Under this line is a listing; return exactly the lines starting at the one with "独户住宅 为 销售 在" and running down to the one with "Main Image - Gucci Soft Running GG Silk Tie", and leave out its pictures.

◆ Supplied data ◆
- Opening Delimiter -

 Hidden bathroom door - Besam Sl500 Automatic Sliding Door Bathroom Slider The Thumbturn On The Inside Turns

- Closing Delimiter -
- Opening Delimiter -

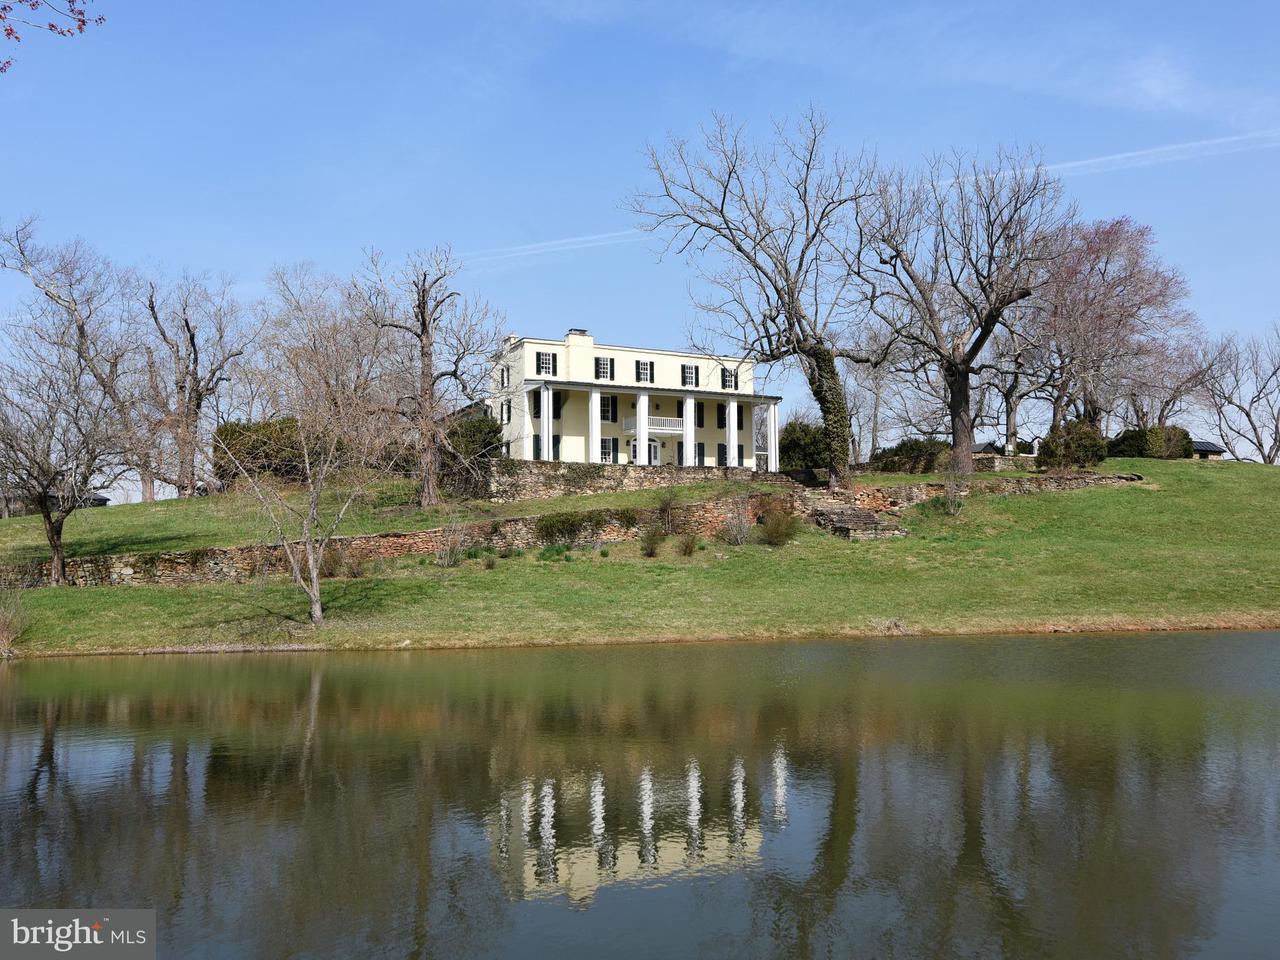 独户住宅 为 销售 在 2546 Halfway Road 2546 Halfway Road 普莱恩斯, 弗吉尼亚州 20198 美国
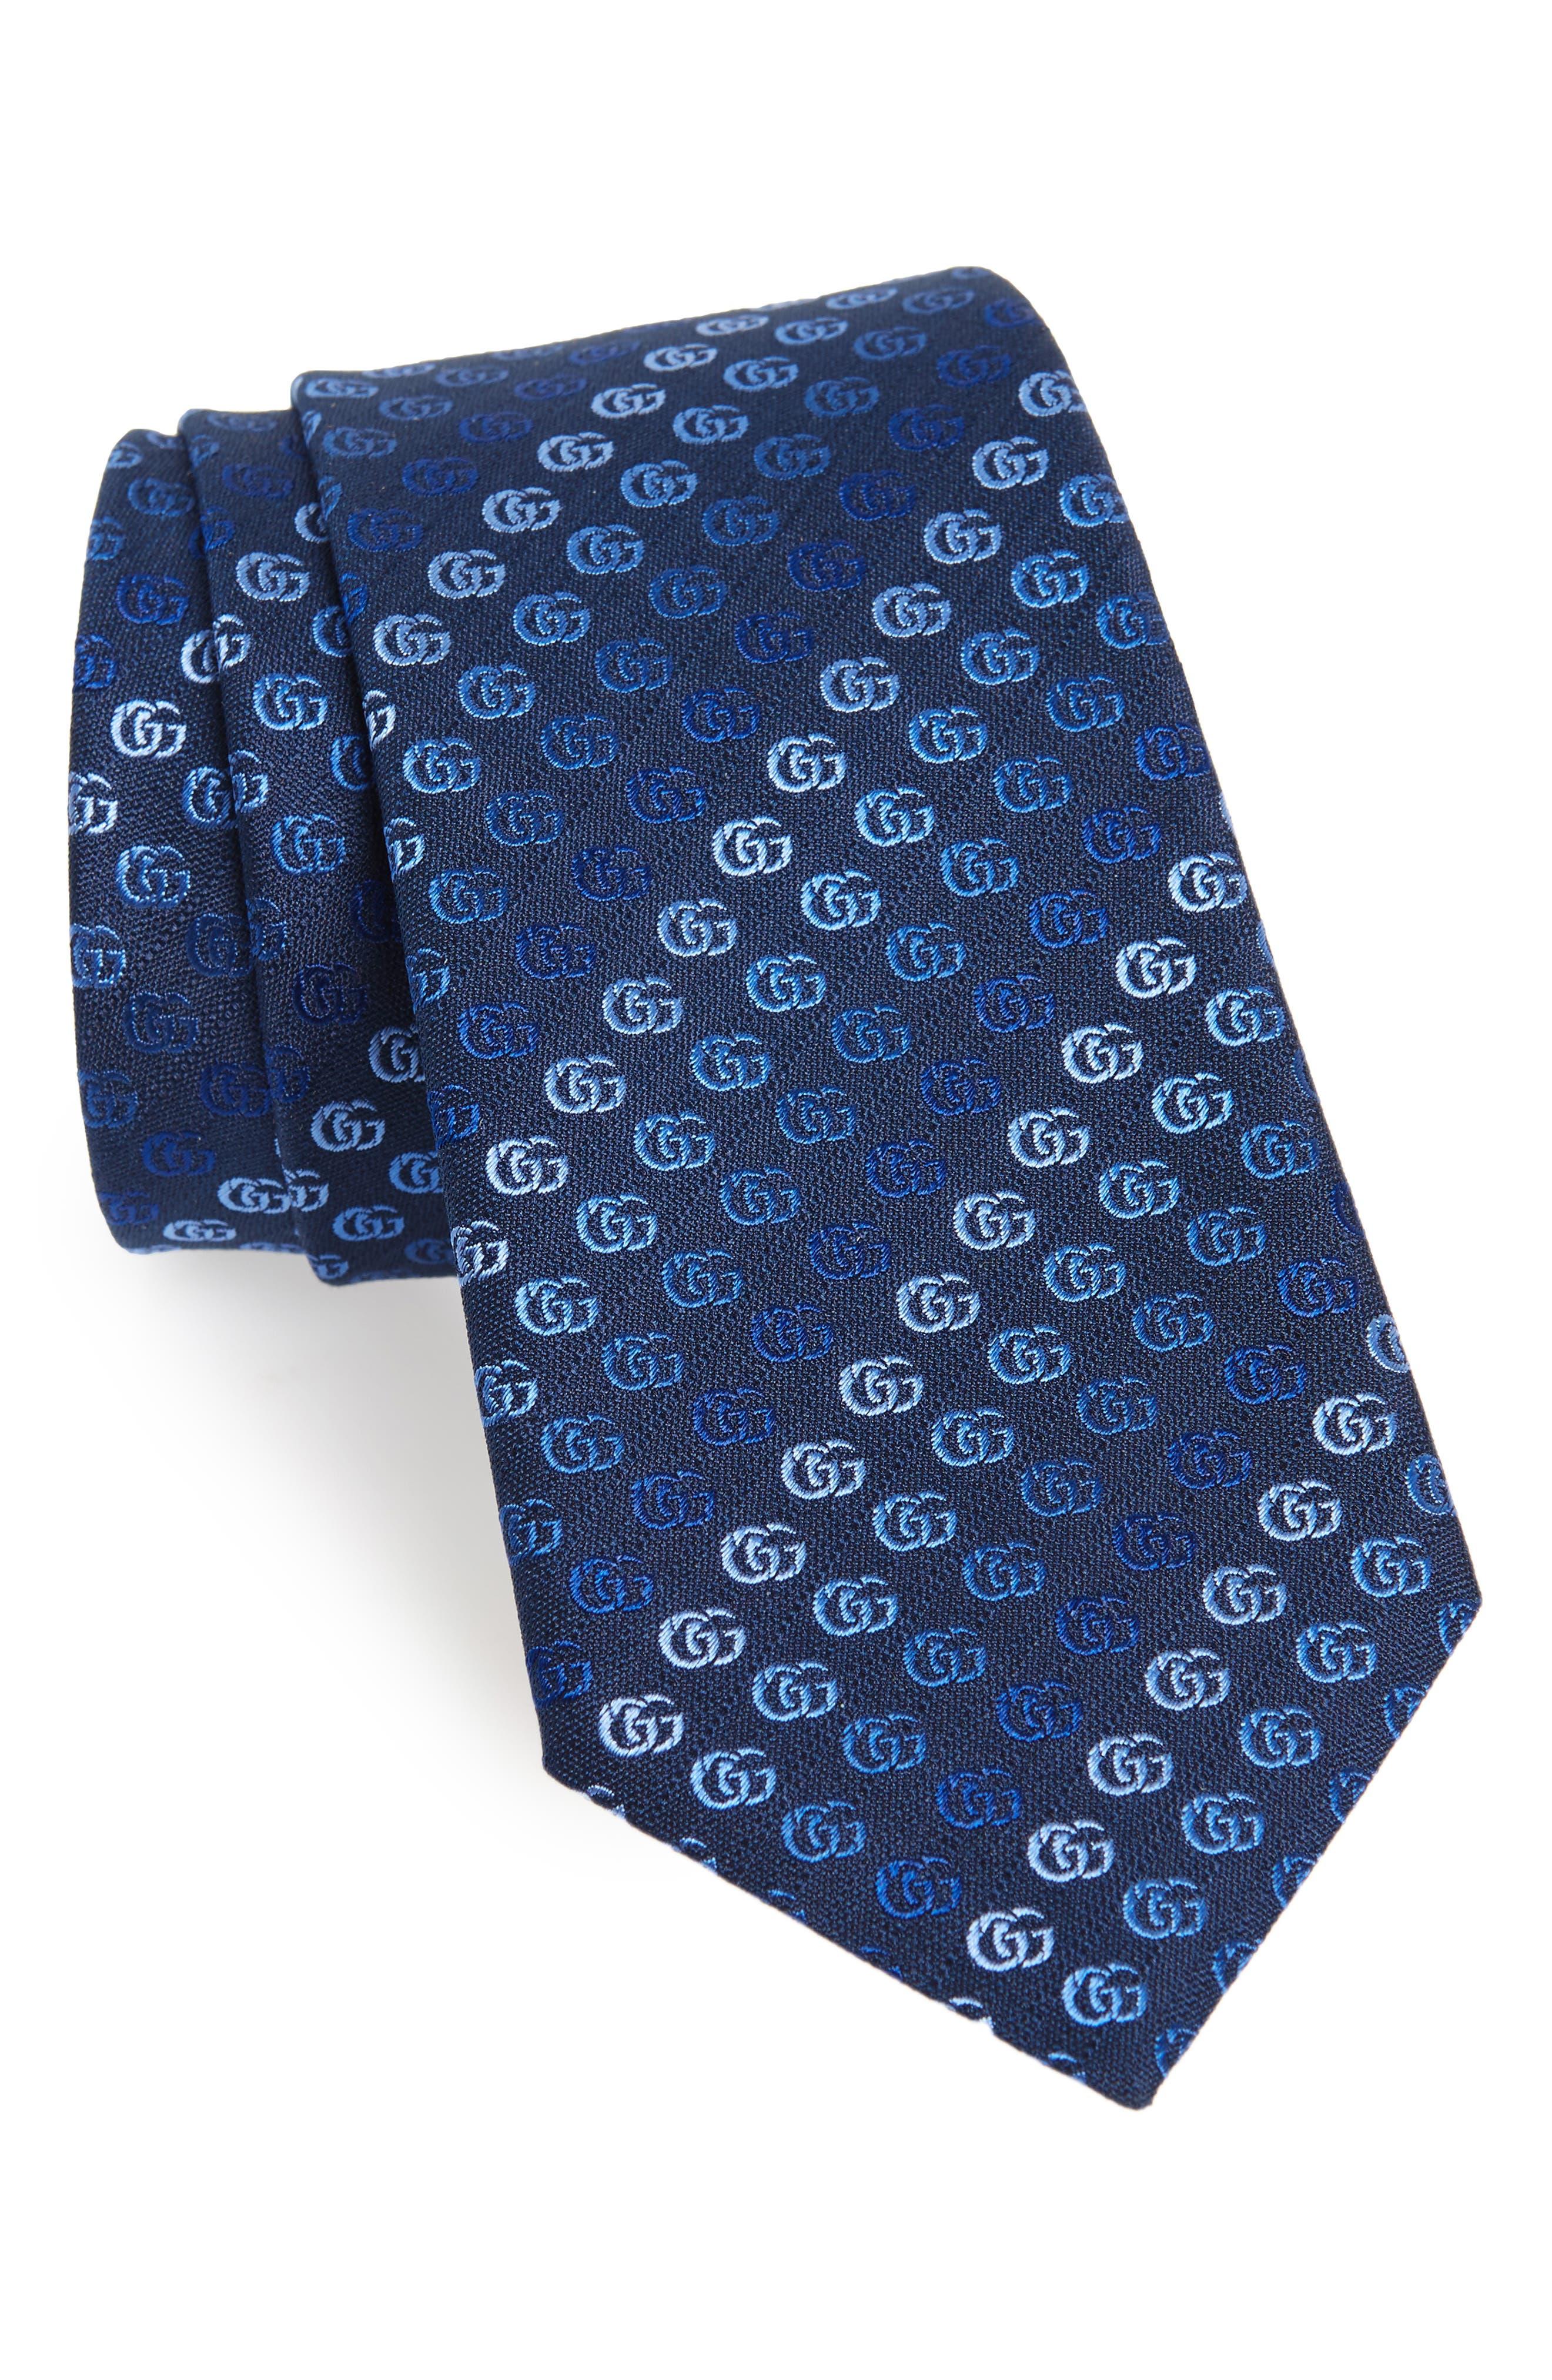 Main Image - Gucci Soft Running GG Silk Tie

- Closing Delimiter -

◆ Answer space ◆
 独户住宅 为 销售 在 2546 Halfway Road 2546 Halfway Road 普莱恩斯, 弗吉尼亚州 20198 美国
 Main Image - Gucci Soft Running GG Silk Tie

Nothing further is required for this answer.